Ed Lonergan has been chief executive at Charlotte-based Chiquita Brands International for eight months. At the company’s annual meeting Thursday, held in Charlotte for the first time, he emphasized a break with the past.

While outlining the company’s strategy to reverse years of declining revenue and profits, Lonergan also faced shareholder questions about Chiquita’s role in Colombia and past payments to guerilla organizations.

On the 11th floor of the NASCAR Plaza office tower, where Chiquita is headquartered, Lonergan addressed the company’s financial picture, saying it was his predecessor’s strategy that left the company in a place where it had to restructure. Former CEO Fernando Aguirre left Chiquita last year.

“We ended up in a situation in the middle of last year where we had to look at restructuring,” said Lonergan. Without mentioning Aguirre by name, he said that from 2004 to 2012 – the years Aguirre headed Chiquita – the company focused too much on new products and diversifying away from bananas.

“We devoted significant invested capital, R&D and people to make that happen,” said Lonergan.
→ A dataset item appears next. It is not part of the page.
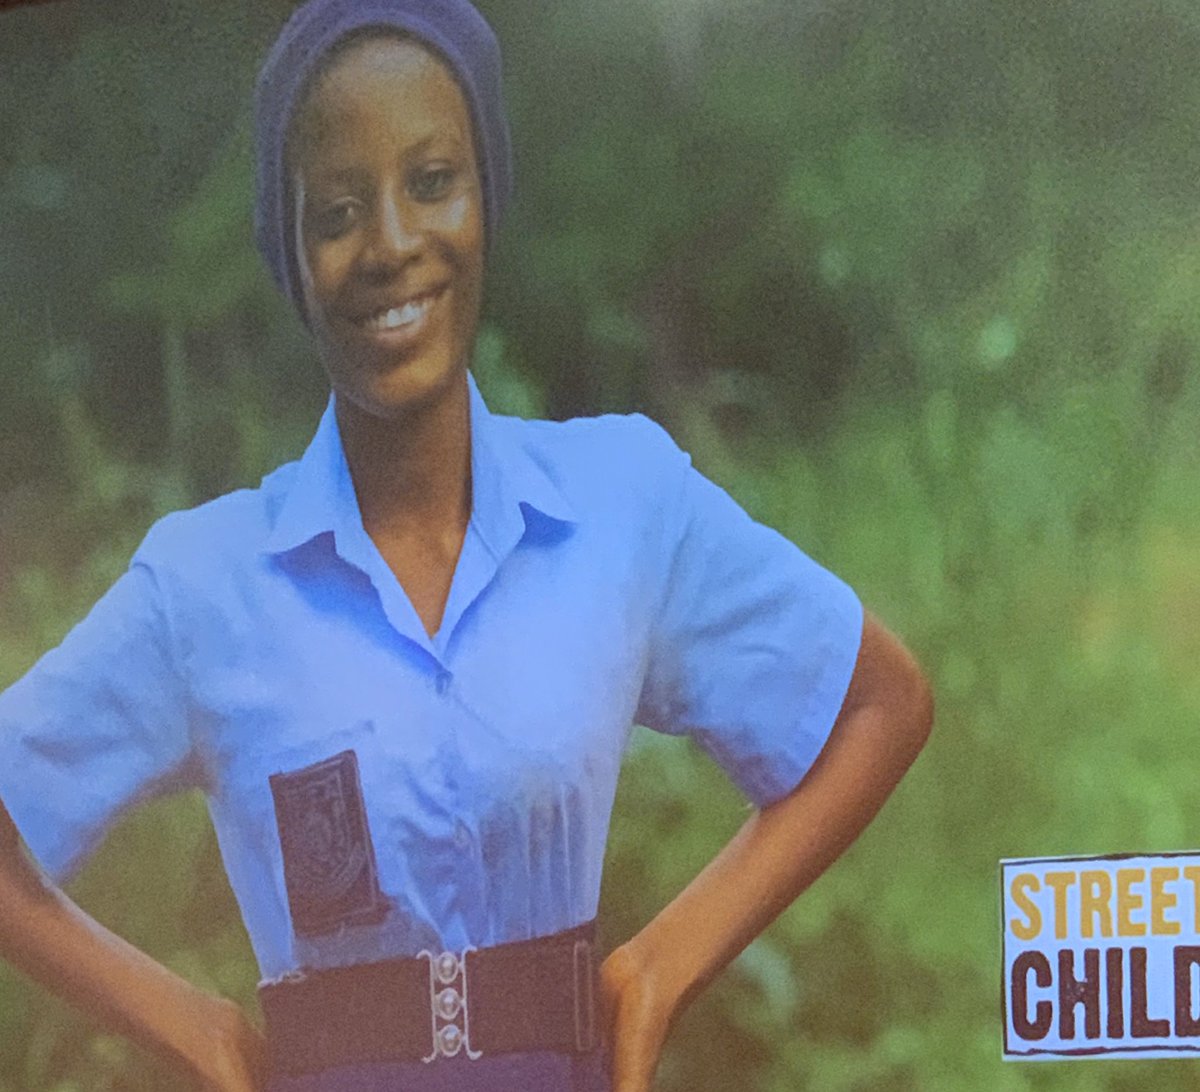 The Family Business Scheme at @streetchilduk works with women who have benefitted from business grants to explain the opportunities and challenges of running an enterprise to interested families #WISE19 #WISEPrize @WISE_Tweets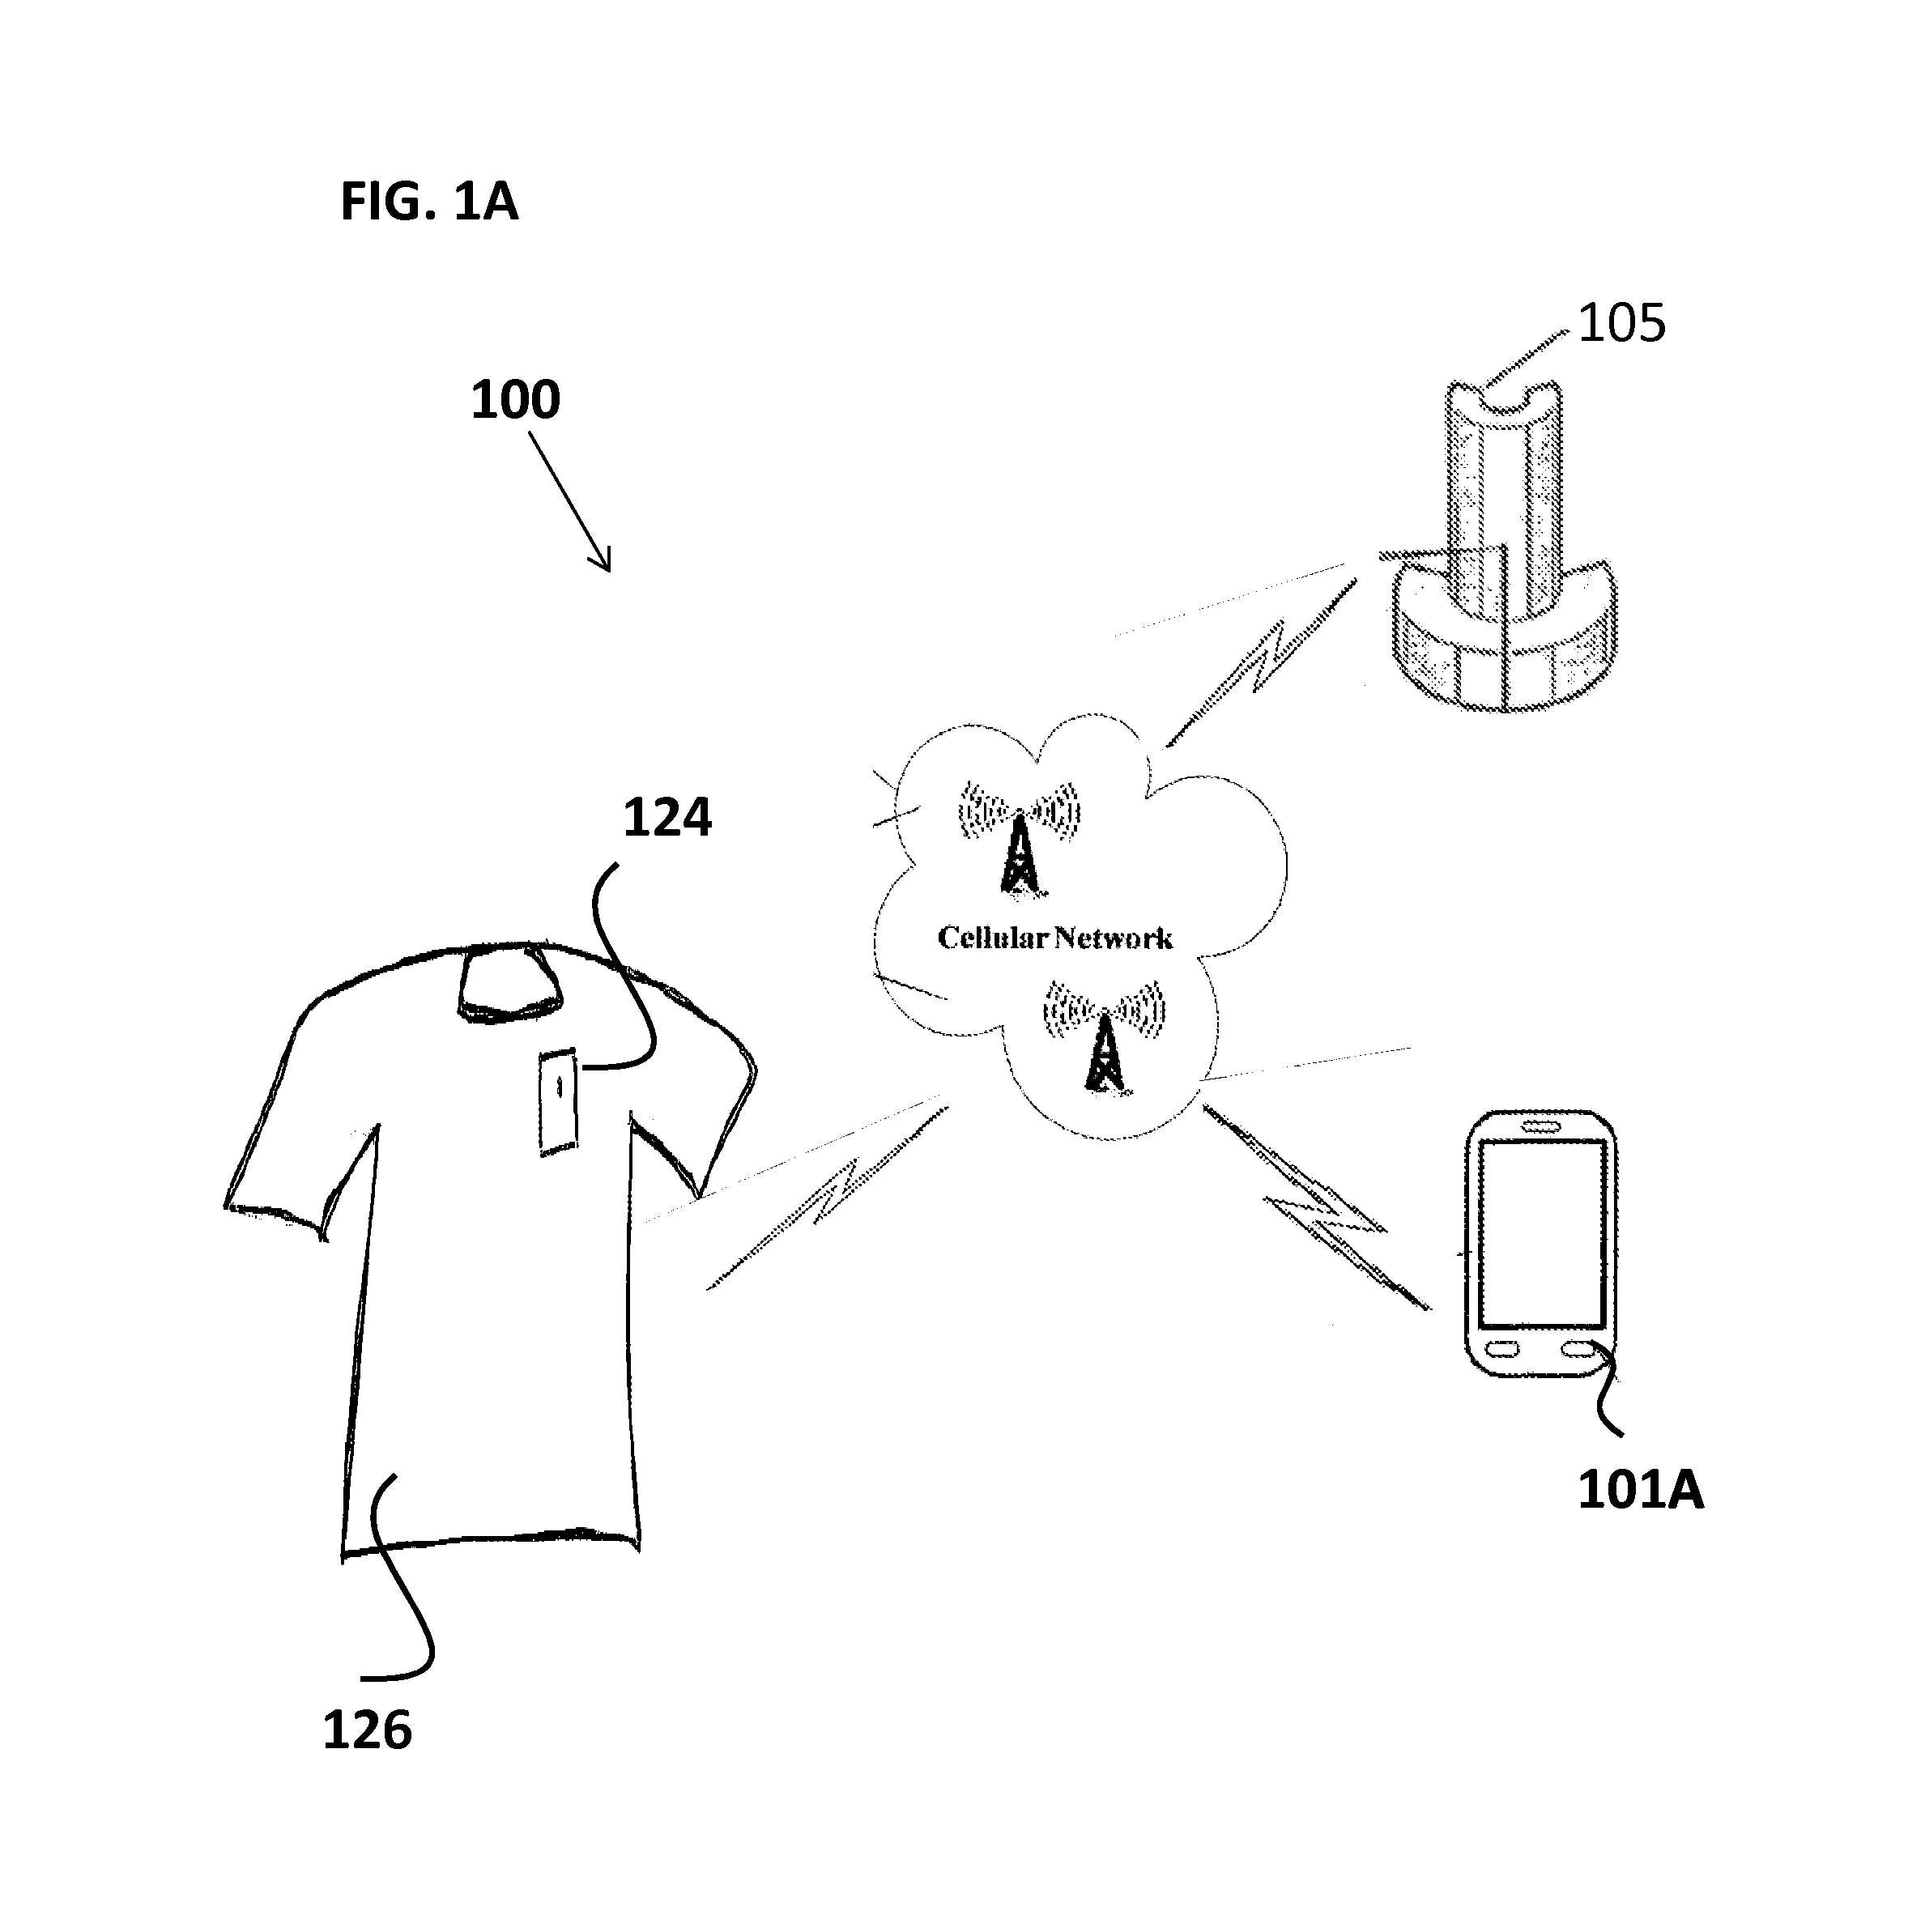 Systems and methods for performing user recognition based on biometric information captured with wearable electronic devices

But he said Aguirre’s “center store strategy” – selling packaged products in the middle grocery store aisles instead of fresh produce around the edges – never paid off.

“We were not able to turn that into revenue in the store,” said Lonergan.

Part of the problem, he said, was that packaged food companies like Procter & Gamble – where Aguirre and Lonergan both previously worked – have deeper pockets to promote their goods.

As a result, Lonergan said, selling and administrative expenses at Chiquita rose to 11 percent of revenue, above the industry average of about 7 percent. Now, the company must “focus on the core” – bananas and salads – and “eliminate distractions,” such as the grapes, avocados, smoothies and fruit cups that Aguirre championed.

“All those diversions of spending and effort, we don’t do those anymore,” said Lonergan, a turnaround specialist who previously oversaw a restructuring at industrial cleaning products company Diversey Holdings.

Last year, Chiquita was one of the few companies to fail a nonbinding “say-on-pay” shareholder vote on executive compensation. As a result, Chiquita added more conditions to its pay packages and sought to tie payouts more closely to the company’s performance. The board of directors awarded Lonergan just under $6.2 million for 2012, $5.6 million of which is in stock and options.

At Thursday’s meeting, shareholders voted to approve pay packages for the top executives this year. Chiquita said it would release the exact vote totals within a week.

Chiquita was lured to Charlotte from Cincinnati in part with more than $22 million worth of state and local incentives, contingent on bringing jobs. Lonergan said Thursday that the company has about 300 employees in Charlotte, half hired locally, and is ahead of its job creation targets for the incentives.

Colombia still an issue

About 10 activists stood outside Chiquita’s headquarters on Stonewall Street holding signs with slogans such as “No Blood for Profit.” The group Witness for Peace is calling on Chiquita to make reparations for payments to Colombian paramilitary groups, which Witness said caused around 14,000 deaths in Chiquita’s banana-producing lands.

Chiquita claims it was extorted and paid off the guerrillas to keep employees safe. The company paid $25 million worth of fines to the U.S. Justice Department for the payments in 2007.

Jeanine Legato works in Colombia and flew to Charlotte for the annual meeting. She read a statement to Lonergan and other top executives.

“There has been no reconciliation in Colombia with victims of these payments,” said Legato. “Twenty-five million (dollars) paid to the government is a slap on the corporate wrist.”

She asked Chiquita to set up a compensation fund for victims, release more documents related to the payments, publicly apologize and fire any employees who were involved with the guerrilla payments.

Chiquita executives met with Legato to discuss the group’s concerns after the meeting.

Shares of Chiquita rose 29 cents, or 3 percent, to $10.12 a share on Thursday.